Hypertension (HTN) is a chief public‐health problem challenging both economically developed and developing countries as it is highly coupled with cardiovascular and kidney disease morbidity and mortality. Annually, HTN is responsible for 10.4 million deaths worldwide and is the leading risk factor for disability‐adjusted life years (DALYs) accounting for 218 million DALYs.

At year 2000, the estimated prevalence of HTN was 26.4% among people aged ≥ 20 years with almost 2/3 of such people living in developing countries. By 2010, the worldwide prevalence reached 31.1% with 7.7% increase of prevalence in developing countries and 2.6% decrease in developed countries when compared to year 2000.

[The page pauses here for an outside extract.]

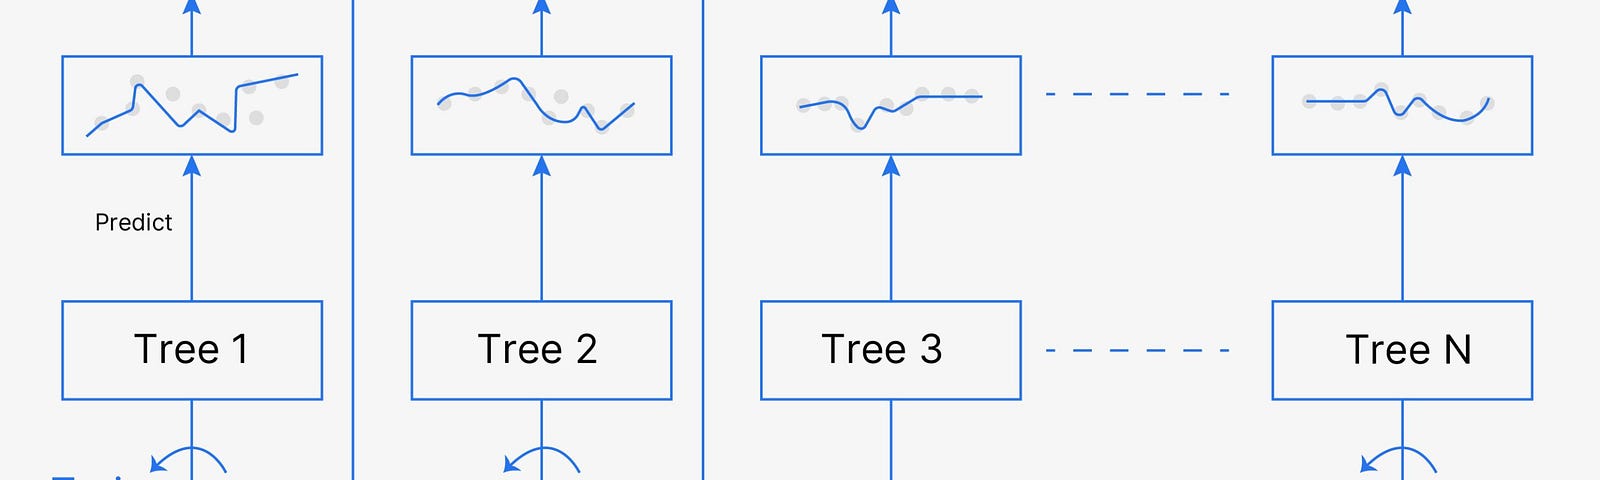 https://www.analyticsvidhya.com/blog/2021/09/gradient-boosting-algorithm-a-complete-guide-for-beginners/

HTN is the most common modifiable risk factor for cardiovascular disease which is the leading cause of death in women. The predicted global prevalence of HTN in women at 2025 is 29.5% with 13% predicted increase in worldwide prevalence of HTN in women from 2000 to 2025% versus 11% in male. In general, women showed better awareness, treatment, and control rate of HTN than men both in economically developed and developing countries.

Data from the Egyptian National Hypertension Project (NHP) showed that prevalence of HTN was 26.3% among Egyptian adults with an awareness rate of 37.5% with 23.9% of patients receiving antihypertensive medications and control rate of only 8%.

Specialized hypertension clinics (SHCs) are outpatient clinics specialized in treating hypertensive Egyptian patients. They were launched in 2014 in 9 university hospitals across Egypt. A well‐formed and electronically coded registry website was initiated for data entry and data from 4700 hypertensive patients were collected until 2017.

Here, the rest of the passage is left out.